- Born: Grace Coleridge Toynbee 4 December 1858 Wimbledon, England
- Died: 5 October 1946 (aged 87) Loch Awe, Argyll, Scotland
- Other names: Mrs Percy Frankland
- Known for: Bacteriology

= Grace Frankland =

English microbiologist (1858–1946)

Grace Coleridge Frankland known as Mrs Percy Frankland née Grace Toynbee (4 December 1858 – 5 October 1946) was an English microbiologist. She was one of the nineteen female scientists who wrote the 1904 petition to the Chemical Society to request that they should create some female fellows of the society.

== Life ==

She was the youngest of nine children; her parents were Harriet and Joseph Toynbee, a noted otologist. Two of her brothers were the economic historian Arnold Toynbee and the Dante scholar Paget Toynbee. She was home schooled and spent one year at Bedford College.

Toynbee married Percy Frankland in 1882, and with him developed an interest in the emerging science of bacteriology. She worked with both Percy and his father Edward Frankland and was described at the time as having "worthily aided and seconded [Percy]". She co-authored papers with her husband on bacteria and other microorganisms found in the air and water. Colleagues of her husband noted that although their situation as husband and wife working equally together was not unique, he was 'the first man who had the chivalry to admit it.'

Frankland was especially interested in the relationship between bacteria and public health. In 1903 she wrote a popular science book entitled Bacteria in Daily Life. It was written in an open style to engage a wide audience and included important bacterial information pertaining to food, drink, smoking, pollution, sewage, air and disease. The book was reviewed in Nature in 1903.

... an interesting, instructive, and accurate account of the modern developments of bacteriology. Such subjects as sewage disposal, the prevention of tuberculosis, micro-organisms in milk, air, and foods, which are of public importance, are fully dealt with. ......No one nowadays laying claim to a liberal education can dispense with a slight knowledge, at least, of microbes and their actions, and for such this work will prove an adequate text-book.

== Publications and contributions ==
In 1887, she published a joint study with her husband on the microorganisms in the air. In 1888, she published more studies on microorganisms in the water and soil; these were also joint studies with her husband.

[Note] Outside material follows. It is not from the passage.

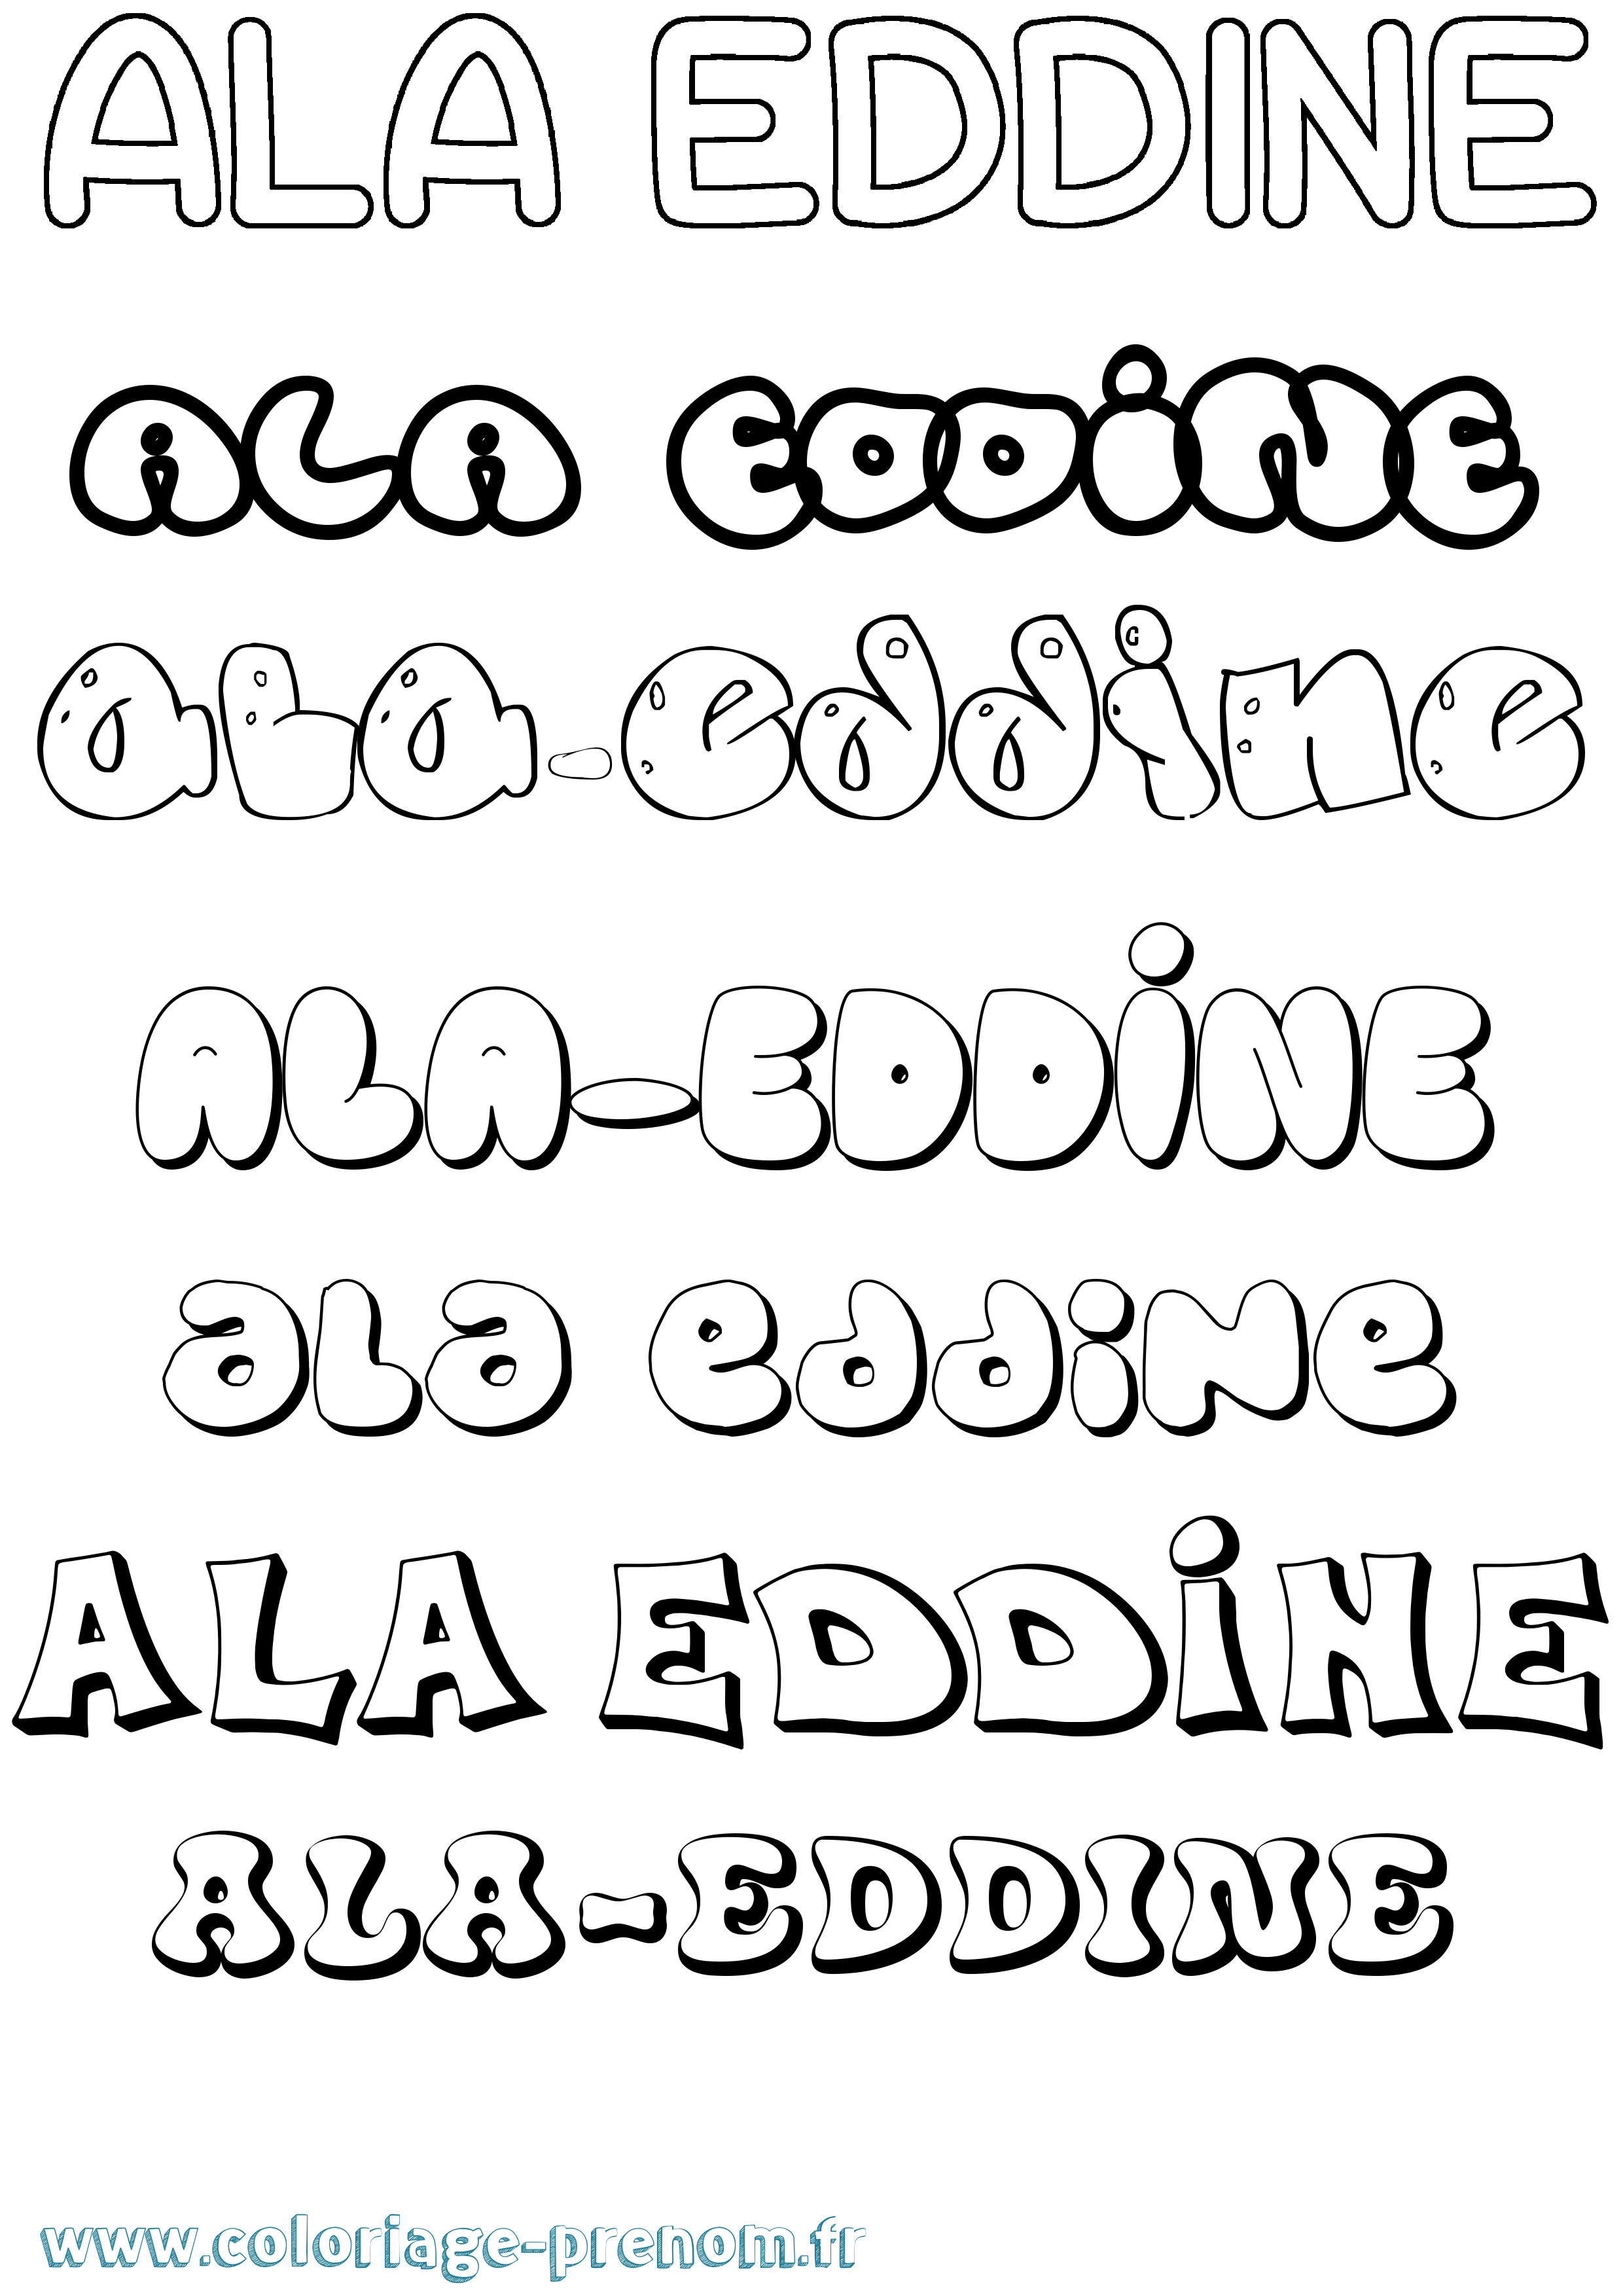 Coloriage prénom Ala-Eddine Bubble

In 1889 and 1890, she published more joint papers on several biological and chemical topics: nitrification, fermentation processes, purifying substances with fermentation. Together with her husband Percy Frankland she isolated the first pure culture of nitrifying bacterial strain (ammonia-oxidizer) in 1890. She was also the co-author of two volumes: MicroOrganisms in Water: their Significance, Identification, and Removal (1894) and the biography Pasteur (1898). As mentioned above, her most notable work was Bacteria in Daily Life; this book, unlike her previous publications, was completed independently. In later years, she contributed to original research; her contributions can be seen in research involving typhoid fever epidemics in America, the plague virus, and carbonated waters.

Her application in 1904 to the Chemical Society was important. She was one of the nineteen signatories of the 1904 petition to the Chemical Society. The petition was unsuccessful; however, these prominent female chemists set out the reasons why they should be afforded the status of Fellow. Furthermore, the petition eventually led to the admission of women as Fellows of the Society, that was one of the Societies that later came together as the Royal Society of Chemistry.

== Academic Memberships ==
She was a Fellow of the Royal Microscopical Society, admitted into the Linnean Society of London (one of the first twelve female scientists admitted), and an honorary member of Bedford College.

Her husband held positions as professor of chemistry at University College, Dundee (1888-1894), and the University of Birmingham (1894-1919). After leaving Birmingham, the couple retired to Argyllshire, where they lived at the House of Letterawe, Loch Awe. As a result of their time in Dundee she is commemorated as part of Dundee Women's Trail.

Frankland's papers are part of the Frankland family papers, held in the collection of the University of Manchester Library.

The Grace Frankland Memorial Lecture series was introduced at University of Birmingham in 2019, with Prof Ada Yonath (2019), Prof Lalita Ramakrishnan (2021) and Prof Sharon Peacock (2022) presenting.